Hippiekinkster -> RE: Willing to accept less so that you aren't alone? (8/12/2010 11:32:11 PM)

Yeah, what Winsome said rubbed me the wrong way, and I went off the deep end. I just retrieved my dog's ashes from the Vet, and though I loved him very much, there's no comparison. And I have to go in and get some bone removed from my heel, as the radiogram revealed infiltration into the bone by some nasty bug, and then get a shunt and do IV antibiotics at home, and all kinds of other shit, to try and keep my foot. Her complaint about not being able to get out of bed some days struck me as self-indulgent self-pity. Most every day is like that for me. Some people can't function without that first cup of coffee (BTW, strictly speaking, coffee is not a stimulant, and the not being able to function is actually withdrawal); I can't get moving and do what I need to do without the oxycodone knocking back the pain.

I was too harsh in my response, and I apologize.

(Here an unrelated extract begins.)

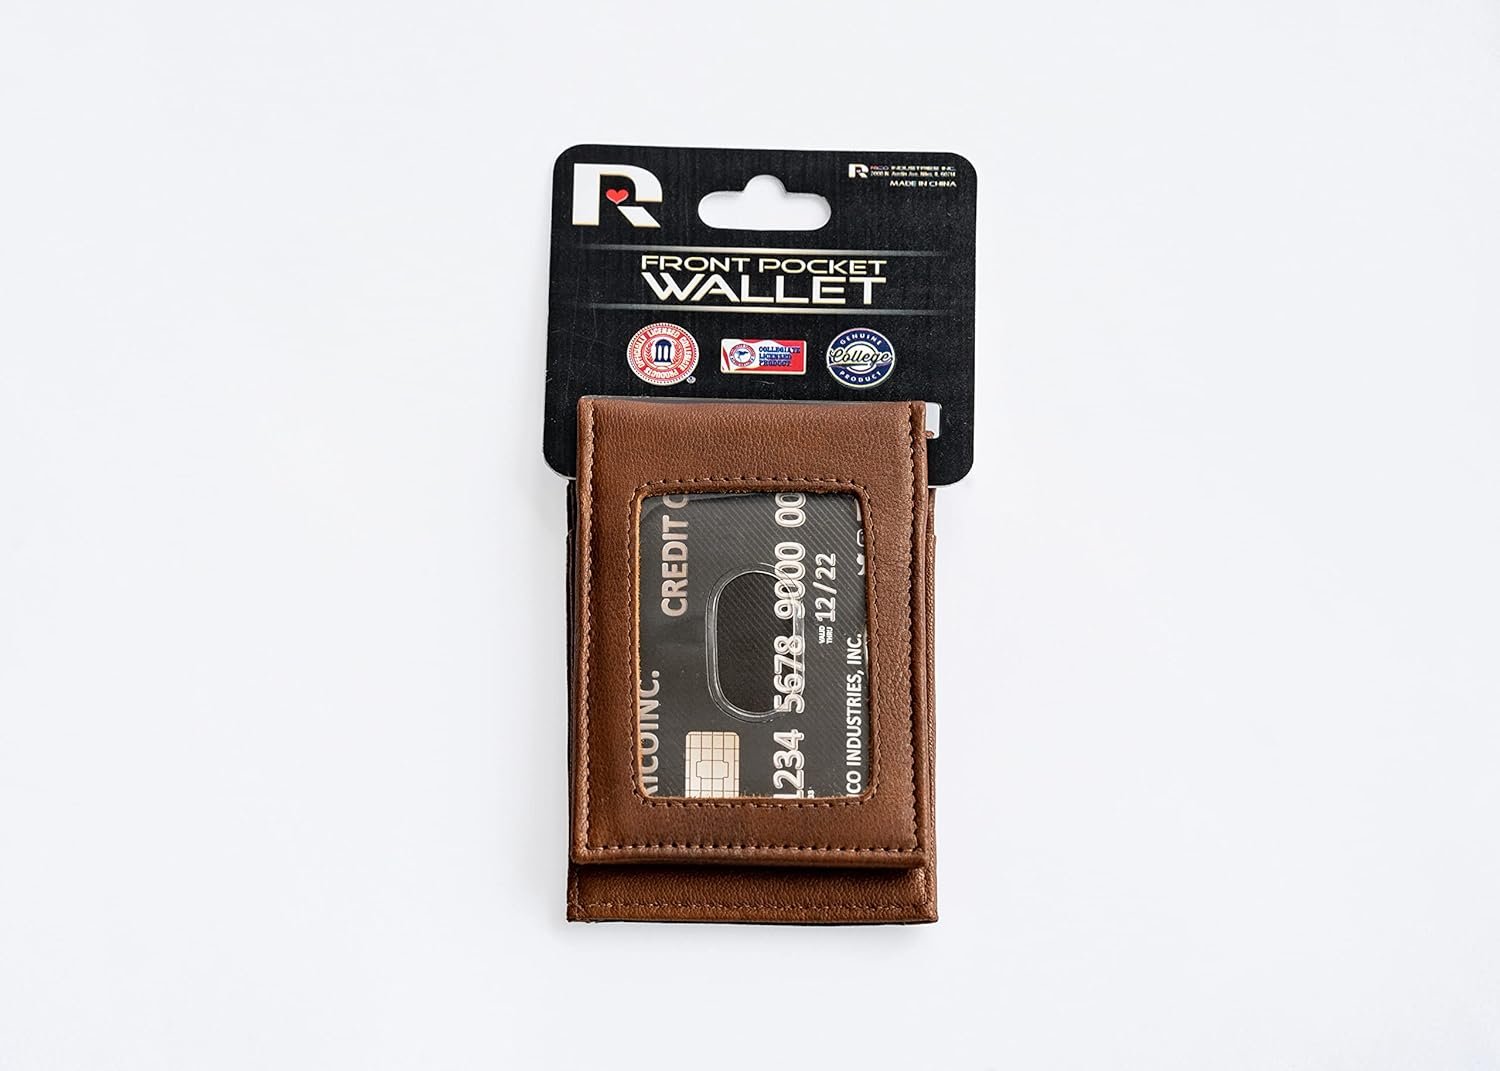 Vegas Golden Knights Premium Brown Leather Wallet, Front Pocket Magnetic Money Clip, Laser Engraved, Vegan

WinsomeDefiance -> RE: Willing to accept less so that you aren't alone? (8/13/2010 5:55:03 AM)

quote:

ORIGINAL: Hippiekinkster

Yeah, what Winsome said rubbed me the wrong way, and I went off the deep end. ...I was too harsh in my response, and I apologize.


Sorry to hear things are so rough for you. Hope they get better.

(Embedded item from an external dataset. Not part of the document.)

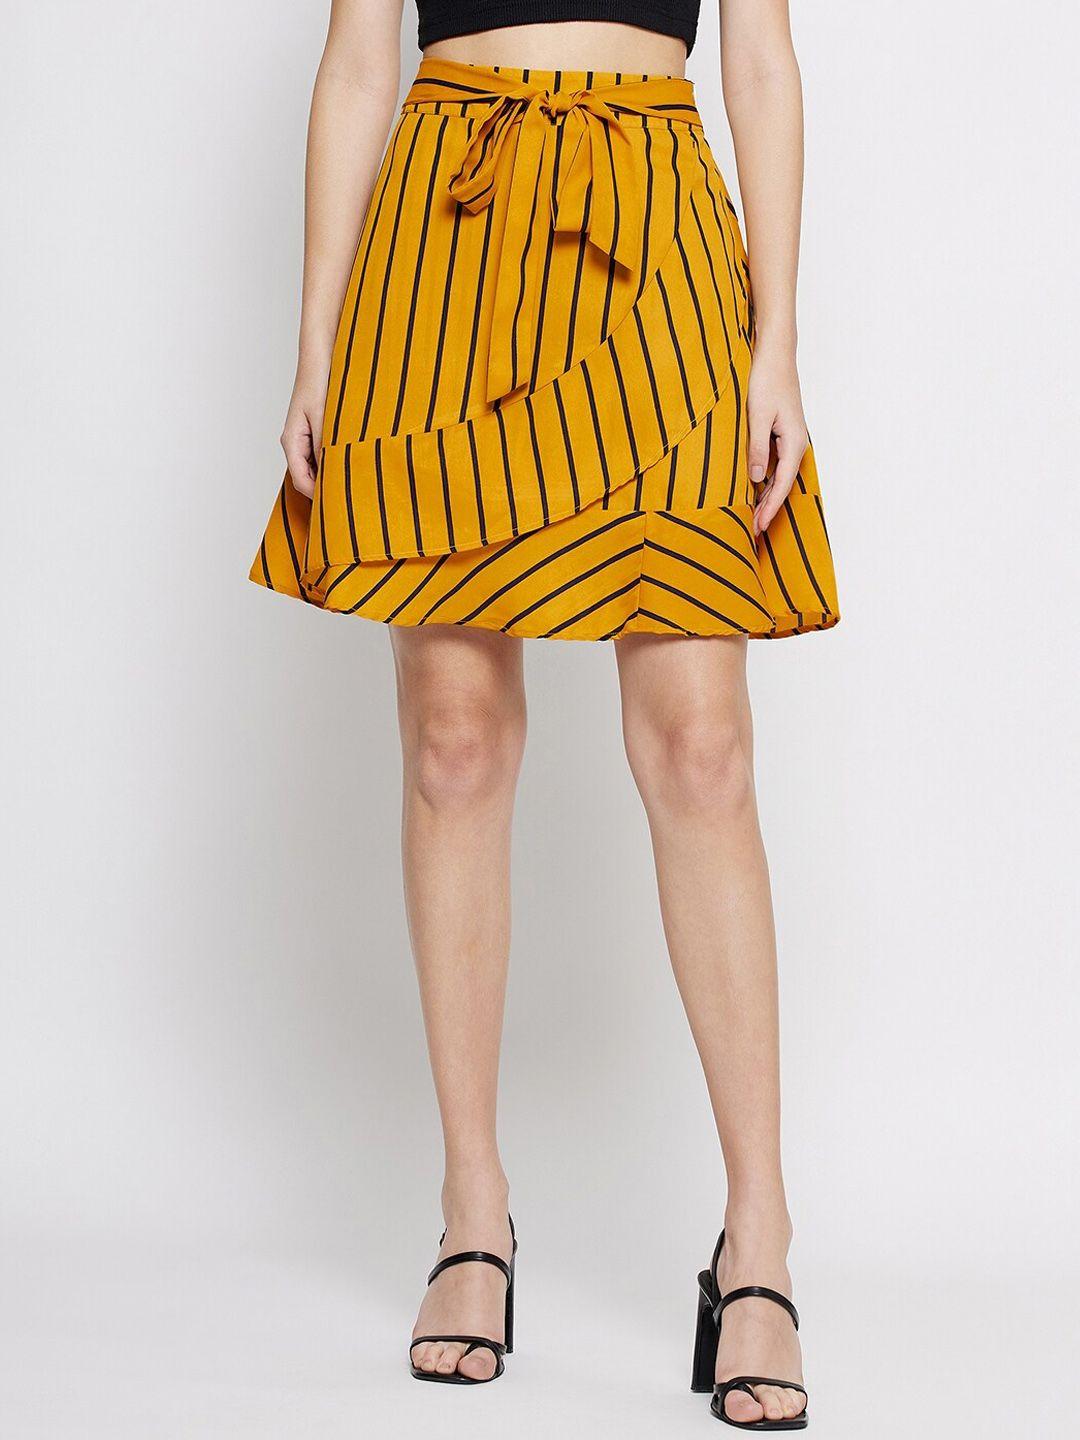 tulip 21 striped above knee length skirt

WinsomeDefiance -> RE: Willing to accept less so that you aren't alone? (8/13/2010 6:28:29 AM)

quote:

ORIGINAL: mstrjx

Right, then.  You can move in now.

Bed's made waiting for you.

Jeff


If I knew it would only take a bastardized song to woo you, I'd have been serenading you long ago!




Jeffff -> RE: Willing to accept less so that you aren't alone? (8/13/2010 8:37:14 AM)


quote:

ORIGINAL: LaTigresse

I agree, I think it is a total crap shoot.

And though, as LadyPact has said, there may be plenty of perfect matches at first glance........there are the little things that have nothing to do with gender, orientation, physical appearance, etc etc etc...

Example: forget the fact that I am poly so they have to accept that, what about the thing I have for Jeffff?





There......... all better




GreedyTop -> RE: Willing to accept less so that you aren't alone? (8/13/2010 8:46:44 AM)

~FR~

I have settled, and it left me nothing but sad. I'd rather be alone.